Но Кая-Куртдедэ-Абдраим-оглу, видимо, или не понимал, или же был совершенно другого мнения, потому что стоял молча и, покачивая головой в раздумье, все время только скреб себе затылок с таким ожесточением, как будто окончательно порешил собственноручно содрать с него кожу.

— Да куда тебе, дураку, понять?! — продолжал Аспиропуло, видя его замешательство. — У тебя вон голова не больше, чем у гуся, так в ней и мозгов столько же, сколько и у гуся. Но я тебе объясню, ослу: авось поймешь.

— Объясни, чорбаджи, — сказал добродушно малоголовый.

— Кроме Аллаха, кому вы еще молитесь? — начал глубокомысленно свое объяснение пристав, видимо придерживавшийся в своих педагогических приемах Сократовского метода вопросов и ответов.

— Великому пророку Магомету, — отвечал ученик.

— А кроме бабая, кто у тебя еще есть?

— Анаим (мать), — отвечал выборный.

— А за днем что идет?

— За днем идет ночь.

— А после солнца что светит на небе?

— Луна светит.

— Ну, так, верно... А теперь скажи же: за исправником кто идет?

— За исправником?.. — переспросил малоголовый и потом, догадавшись видимо, бойко сказал: — За исправником ходим всегда по деревне мы с муллой; так приказал чорбаджи исправник.

— Экий баран!— крикнул Аспиропуло и, не надеясь более на такой способ наведения, разъяснил уже прямо. — За исправником, осел, идет пристав, потому что после исправника нет никого главнее пристава. Значить, если ты исправнику дал, так и приставу дай! Исправник хочет и пристав хочет! Смазал правое колесо, чтобы легко ехало, смажь и левое!.. Понял?

— Понял, чорбаджи.

— Так пошел вон, неси мне мою часть!

И дополнительный налог немедленно же был собран.

Наука, преподанная однажды по диалогическому методу и так вразумительно, в лес не пошла, и с тех пор всякий раз при сборах для исправника выборный уже обязательно взимал с плательщиков и на долю пристава.

Вероятно этот добровольно собранный лишний пятак и был причиной того, что, когда приставь приехал получить собачью пошлину, он больше только для вида пересчитал собак на одной главной улице, а в стороны не пошел.

— Черт с ними,— сказал он Селямету, — что тут возиться? Вы —народ честный, надувать не станете. Сколько всех? Говори прямо.

— Всех — ровно семьдесят штук и вот семьдесят монет для исправника, а это семьдесят пятаков для тебя, чорбаджи, — отрапортовал Селямет, подавая два небольших узелка с монетами.

Аспиропуло принял деньги и внимательно пересчитал сначала исправничью часть, а потом и свою. При этом он не удержался, чтобы не сказать сборщику:

— А отчего же мне только по пятаку? А? Хоть бы по гривеннику, каналья, собрал!

— Ты сам, чорбаджи, говорил, — ответил с поклоном Селямет, — что он — солнце, а ты —только луна.

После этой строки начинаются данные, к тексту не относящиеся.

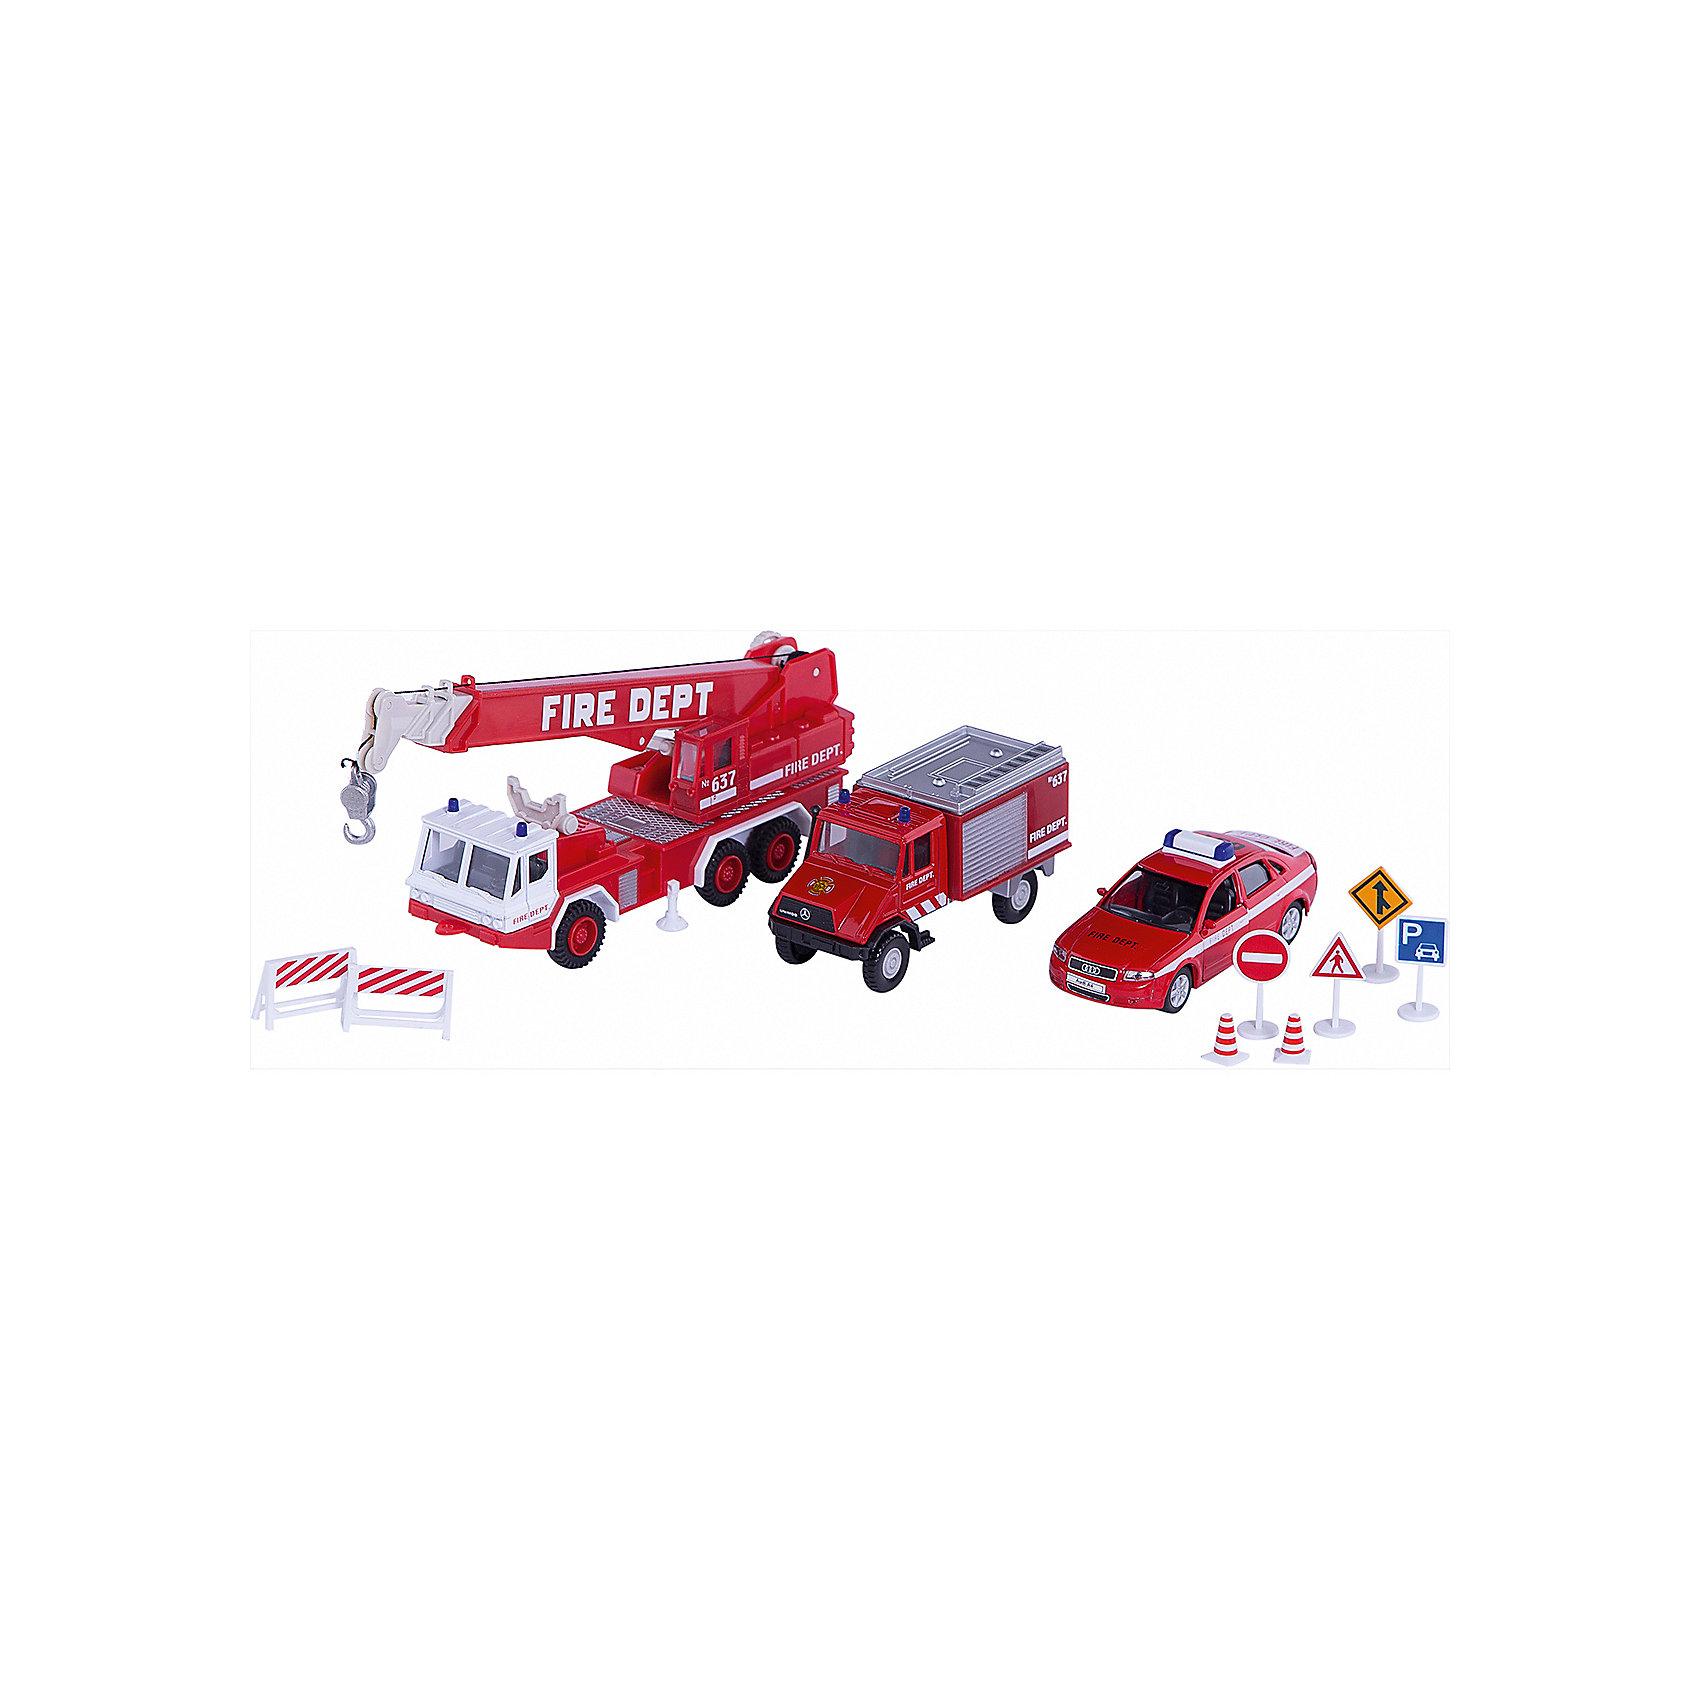 Welly Набор машин Пожарная служба 10 штукИгровые наборы<br>Welly Набор машин Пожарная служба 10 штук<br><br>Характеристики:<br><br>• Возраст: от 4 лет<br>• В комплекте: фургон, легковая и пожарная машины, аксессуары<br>• Материал: металл, пластик<br>• Цвет: красный<br><br>Игровой набор включает в себя уменьшенную копию пожарной машины с краном, легковой служебный автомобиль и фургон. Кроме этого в комплекте идут все необходимые аварийные знаки, столбики и указатели. Все это поможет ребенку создать целый спектакль. Все игрушки сделаны из качественного материала, который не только безопасен для ребенка, но еще и очень крепок. <br><br>Welly Набор машин Пожарная служба 10 штук можно купить в нашем интернет-магазине.<br><br>Ширина мм: 335<br>Глубина мм: 165<br>Высота мм: 65<br>Вес г: 570<br>Возраст от месяцев: 84<br>Возраст до месяцев: 1188<br>Пол: Мужской<br>Возраст: Детский<br>SKU: 2150020

— Ну, так что ж, болван, что луна? Луна еще нужнее бывает, чем солнце, потому что если луны ночью нет на небе, так совсем темно, а если солнца нет днем, так все же таки видно... Понимаешь, скотина? А? Смотри ты у меня! Я, брат, давно замечаю, что ты бунтовать хочешь! А? Слышишь? Да только, брат, на Турцию очень-то не надейся: я, чертова бородавка, и в Турции тебя разыщу... Я, брат, тебя вместе с твоим султаном рядышком обоих на колы посажу: беседуйте, мол, голубчики, чтоб не скучно было, черт вас обоих побери!.. Смотри!..

И приставь, собрав дань, благополучно отбыл, предоставив Селямету обсудить на досуге всю прелесть беседы с султаном в совместном заседании с ним на колах.

Когда обсуждался вопрос, кого послать к Алиму, мулла сказал:

— Это дело — большое дело; его нельзя сделать как-нибудь, а потому поеду я сам к Алиму: так нужно.

Никто, конечно, не возражал, и старик отправился.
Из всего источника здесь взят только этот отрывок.